- Kata ya Kimandolu
- Kimandolu
- Coordinates: 03°22′04″S 36°42′58″E﻿ / ﻿3.36778°S 36.71611°E
- Country: Tanzania
- Region: Arusha Region
- District: Arusha District

Population (2012)
- • Total: 27,649

= Kimandolu =

Ward of Arusha City Council in Arusha Region of Tanzania

Kimandolu is an administrative ward in the Arusha District of the Arusha Region of Tanzania. It is roughly 6 km from the centre of Arusha town and lies between the Old Moshi Road and the Arusha-Himo highway, which leads directly to Moshi and Kilimanjaro International Airport (54 km away). There are various charitable NGOs currently working in the area with schools, healthcare and sports, such as Art In Tanzania. The local representative is Jackson Lemunga.

== Population ==

According to the 2012 census, the ward has a total population of 27,649.

== Climate and economy ==

The Arusha region is hottest from January to February, averaging at 29 °C, while the coolest month is July, where the temperature averages at 20 °C. Rainfall in the Arusha region is highest in April and lowest in July, ranging from 350mm to 10mm. Located very close to the foothills of Mount Meru, Kimandolu's rainfall provides luscious vegetation, and successful coffee and banana plantations.

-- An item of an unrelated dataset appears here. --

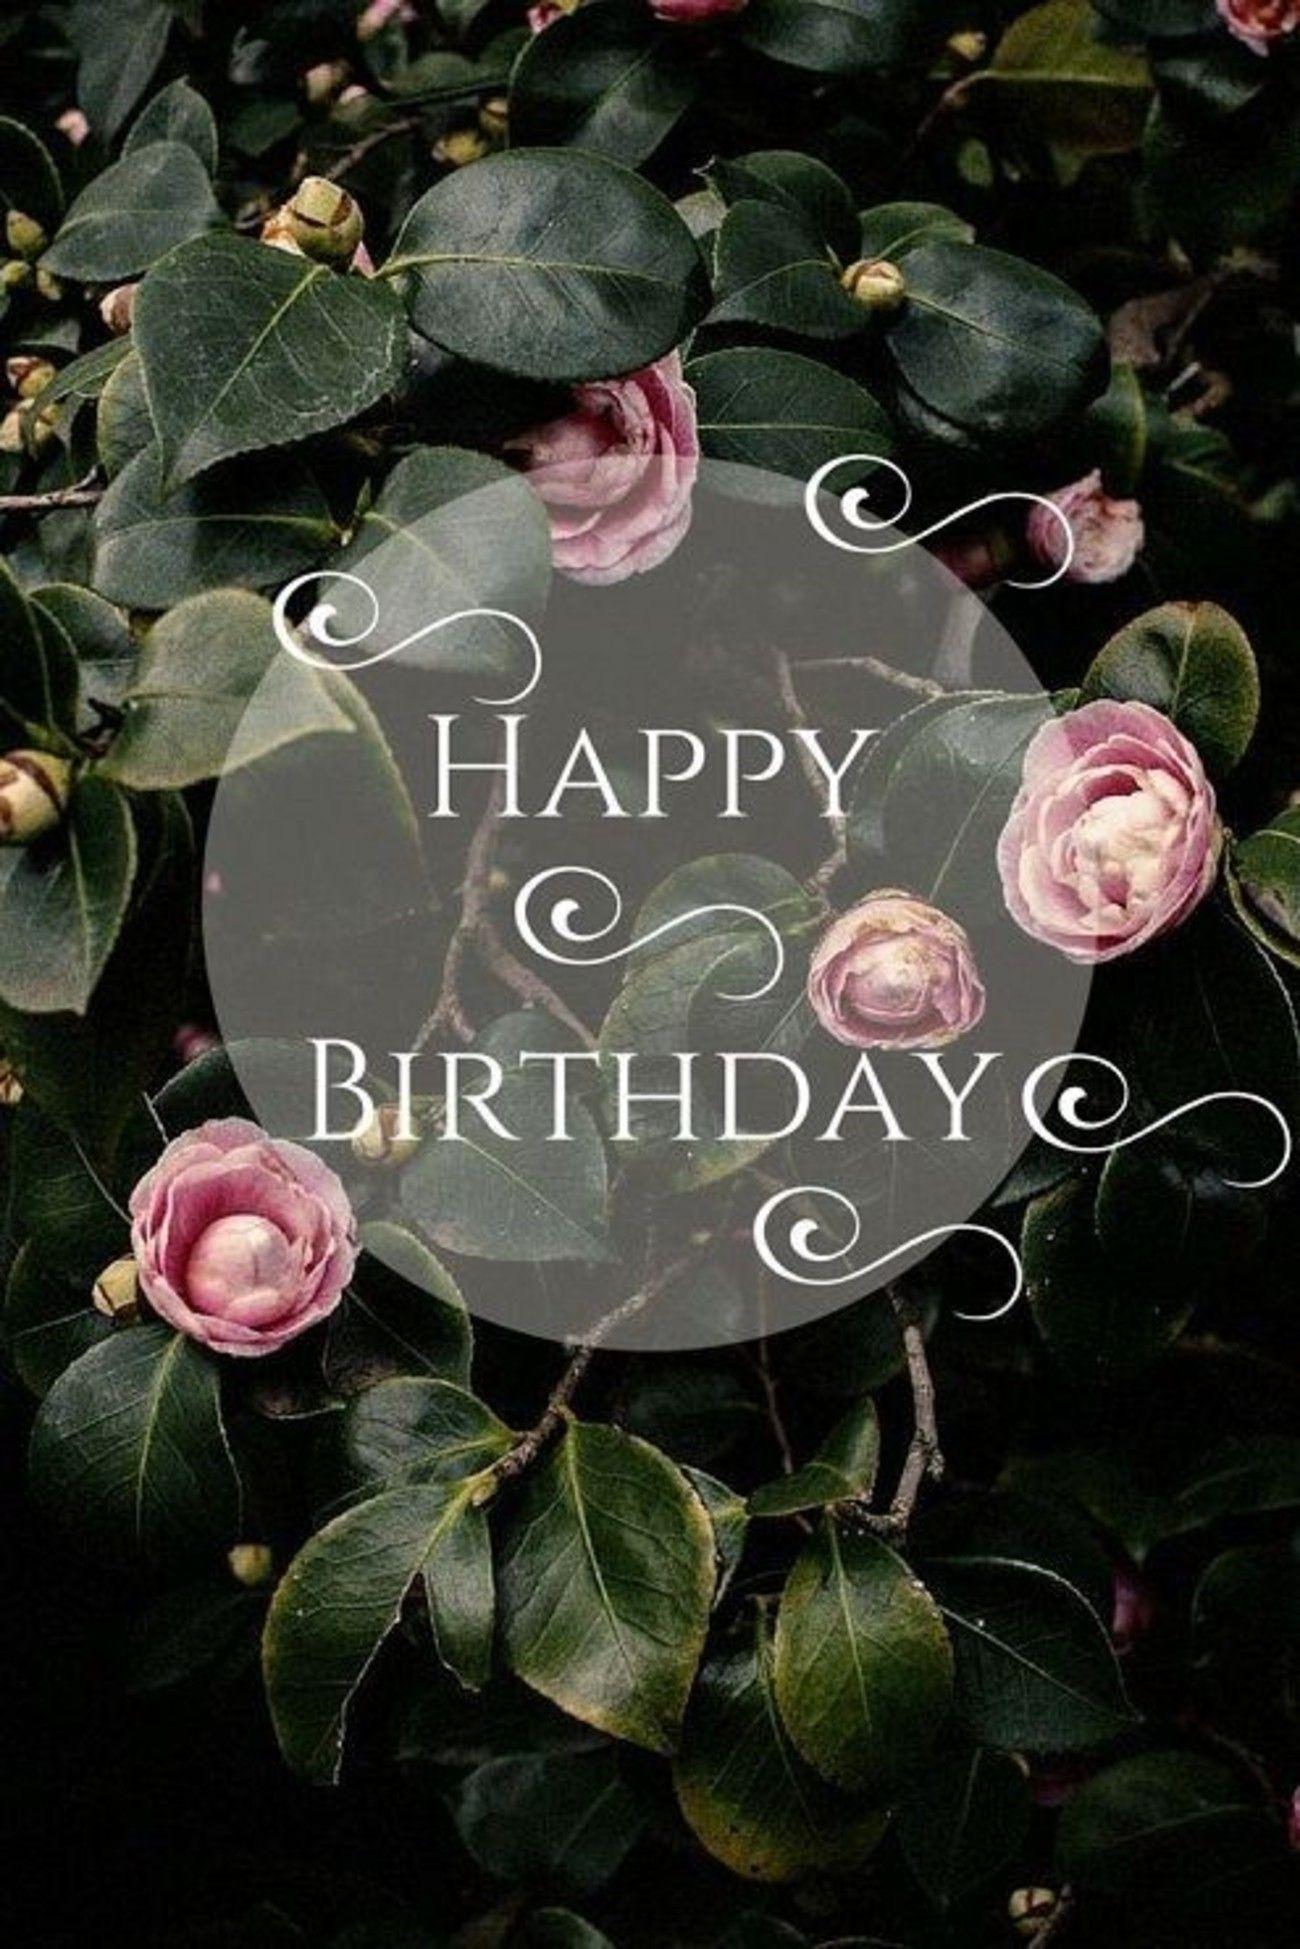 Buon Compleanno Mamma Inglese.Auguri Di Buon Compleanno In Inglese 273 Buongiorno Immagini It

Banana and coffee exportation, along with a number of hardware shops are key to the economy in Kimandolu.

== Transport to Arusha ==

The quickest way to get into town from Kimandolu is to catch a dala dala (the local transport system using old minibuses, usually heavily overloaded with people) which takes no more than ten minutes. The most direct routes are either the green line from Moshi highway, or the red line from the Suye road. It is also possible to walk into town, taking between half an hour to forty-five minutes.

== Nearby Wards ==

Other administrative wards located around Kimandolu include Baraa, Kijenge, Mnazareti, Ngulelo, and Suye.